Understanding the OOMKilled Phenomenon
Let’s start with what actually happens when you see that OOMKilled
status. Contrary to popular belief, Kubernetes doesn’t kill your pods directly. Instead, it’s the Linux kernel’s OOM Killer that does the dirty work.
Here’s the actual sequence of events:
- Container exceeds its memory limit
- Linux kernel detects memory pressure
- OOM Killer sends SIGKILL (signal 9) to the process
- Kubelet detects the termination
- Pod status updates to “OOMKilled”
The telltale sign is Exit Code 137 (128 + 9), which always indicates an OOM kill event.
Quick Diagnosis Commands
# Check pod status and recent events
kubectl describe pod <pod-name> -n <namespace>
# Look for the smoking gun in events
kubectl get events -n <namespace> --sort-by='.lastTimestamp' | grep OOMKilled
# Check current resource usage
kubectl top pods -n <namespace> --sort-by=memory
Root Causes: Why Pods Get OOMKilled
Based on real-world incidents I’ve investigated, OOMKilled errors typically stem from five main causes:
1. Misconfigured Memory Limits
This is the big one. Developers often set memory limits based on guesswork rather than actual usage patterns.
Real Example: A fintech company’s fraud detection system was configured with a 2Gi memory limit, but during peak hours, it actually needed 3.5Gi. Result? Constant OOMKills during business hours.
2. Memory Leaks in Application Code
Memory leaks cause gradual memory consumption growth until the container hits its limit. Different languages have different leak patterns:
- Java: JVM garbage collector not fully understanding container constraints
- Go: Improved since Go 1.19 with
GOMEMLIMIT
, but still requires attention - Node.js: Event loop-related memory leak patterns
- Python: Circular references and unclosed resources
3. Traffic Spikes
Applications that handle variable workloads can experience sudden memory spikes during traffic bursts.
Real Example: An e-commerce checkout service crashed during a flash sale when user traffic increased 10x, causing memory usage to spike beyond configured limits.
4. Node-Level Memory Pressure
Even well-configured pods can get killed when the entire node runs out of memory. Kubernetes follows a priority system based on Quality of Service (QoS) classes:
QoS Class:
QoS Class | Priority | Description |
---|---|---|
BestEffort | Lowest | No resource requests/limits set |
Burstable | Medium | Requests < Limits |
Guaranteed | Highest | Requests = Limits |
5. Resource Overcommitment
This happens when the sum of all pod memory requests exceeds node capacity, or when pods burst beyond their requests simultaneously.

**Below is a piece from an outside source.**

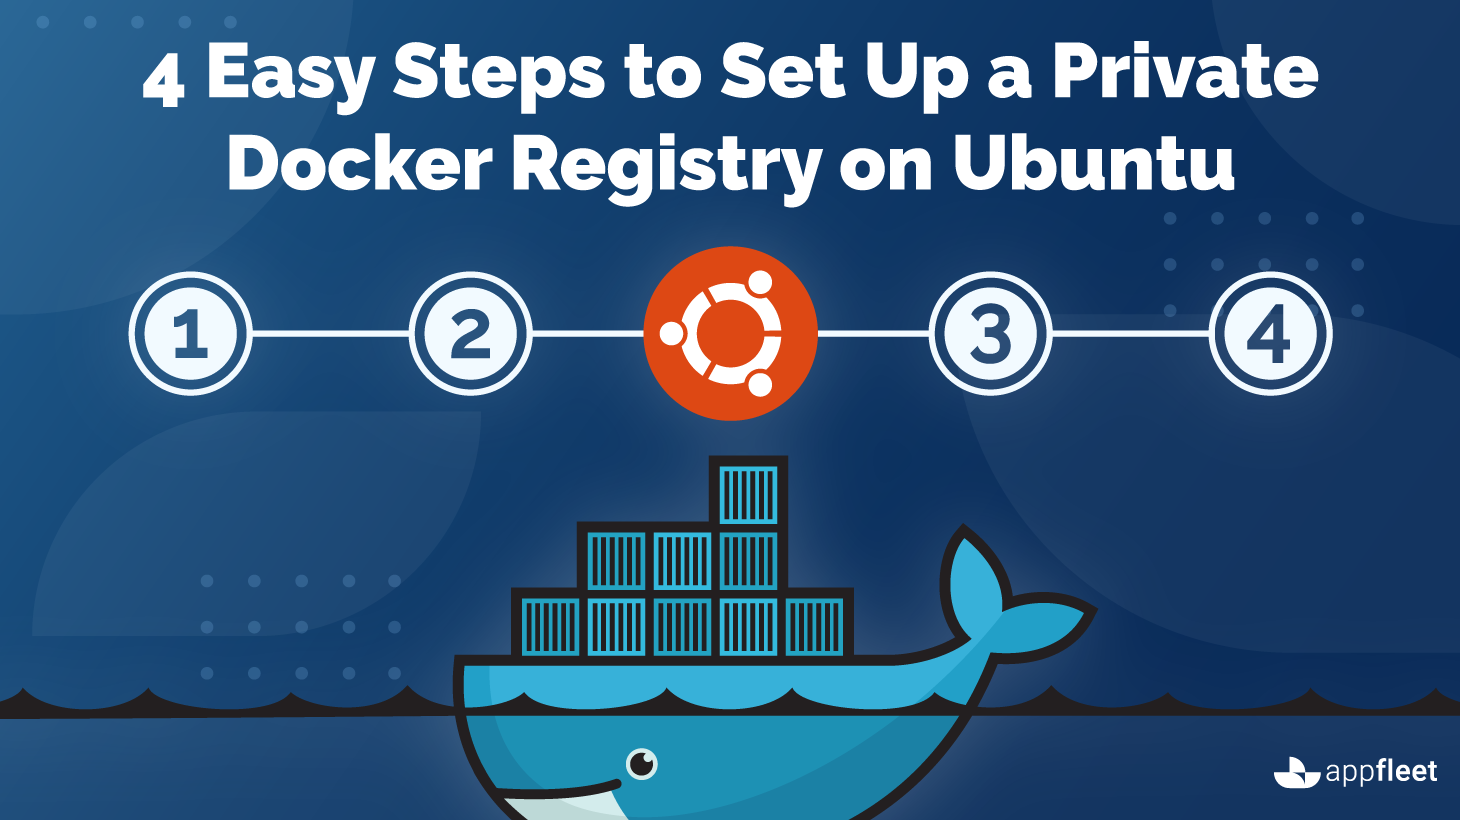 4 Easy Steps to Set Up a Private Docker Registry on Ubuntu

Memory Management Best Practices
The Golden Rule: Memory Limit = Memory Request
In 2025, the best practice is setting memory limit = memory request
. This might surprise you, especially since we recommend NOT setting CPU limits at all.
Here’s why memory is different:
apiVersion: v1
kind: Pod
spec:
containers:
- name: my-app
resources:
requests:
memory: "2Gi"
cpu: "500m"
limits:
memory: "2Gi" # Same as request
# CPU limit intentionally omitted
Think of it like a pizza party analogy: If each guest orders 2 slices but you allow them to eat up to 4 slices, you’ll run out of pizza mid-party. Memory works similarly—when actual usage exceeds requests, unpredictable situations arise.
Understanding QoS Classes
Kubernetes automatically assigns QoS classes based on your resource configuration:
# Guaranteed QoS - Highest priority
resources:
requests:
memory: "1Gi"
cpu: "500m"
limits:
memory: "1Gi"
cpu: "500m"
# Burstable QoS - Medium priority
resources:
requests:
memory: "512Mi"
limits:
memory: "1Gi"
# BestEffort QoS - Lowest priority
# No requests or limits specified
Memory QoS Feature (Kubernetes 1.27+)
The Memory Quality of Service feature, introduced in Kubernetes 1.27, provides finer control over memory management using cgroups v2:
apiVersion: v1
kind: Pod
metadata:
annotations:
# Opt out of Memory QoS per pod if needed
qos.memory.kubernetes.io/disabled: "true"
spec:
containers:
- name: my-app
resources:
requests:
memory: "1Gi"
limits:
memory: "2Gi"
Monitoring and Observability Stack
Effective memory management starts with proper monitoring. Here’s the battle-tested stack that works in production:
Setting Up Prometheus + Grafana
# Install kube-prometheus-stack with Helm
helm repo add prometheus-community https://prometheus-community.github.io/helm-charts
helm repo update
helm install monitoring prometheus-community/kube-prometheus-stack \
--namespace monitoring \
--create-namespace \
--set prometheus.prometheusSpec.retention=30d \
--set prometheus.prometheusSpec.storageSpec.volumeClaimTemplate.spec.resources.requests.storage=50Gi
Essential Memory Metrics
Container-level metrics:
container_memory_working_set_bytes
: The metric OOM killer actually usescontainer_memory_usage_bytes
: Current memory usagecontainer_spec_memory_limit_bytes
: Configured memory limit
Pod-level metrics:
kube_pod_container_resource_limits
: Resource limit valueskube_pod_container_resource_requests
: Resource request valueskube_pod_status_phase
: Pod status information
Production-Ready PromQL Queries
Memory utilization monitoring:
# Memory usage percentage per pod
100 * (
container_memory_working_set_bytes{job="kubelet", container!=""}
/
container_spec_memory_limit_bytes{job="kubelet", container!=""}
)
# Total memory usage by namespace
sum by (namespace) (container_memory_working_set_bytes{job="kubelet", container!=""})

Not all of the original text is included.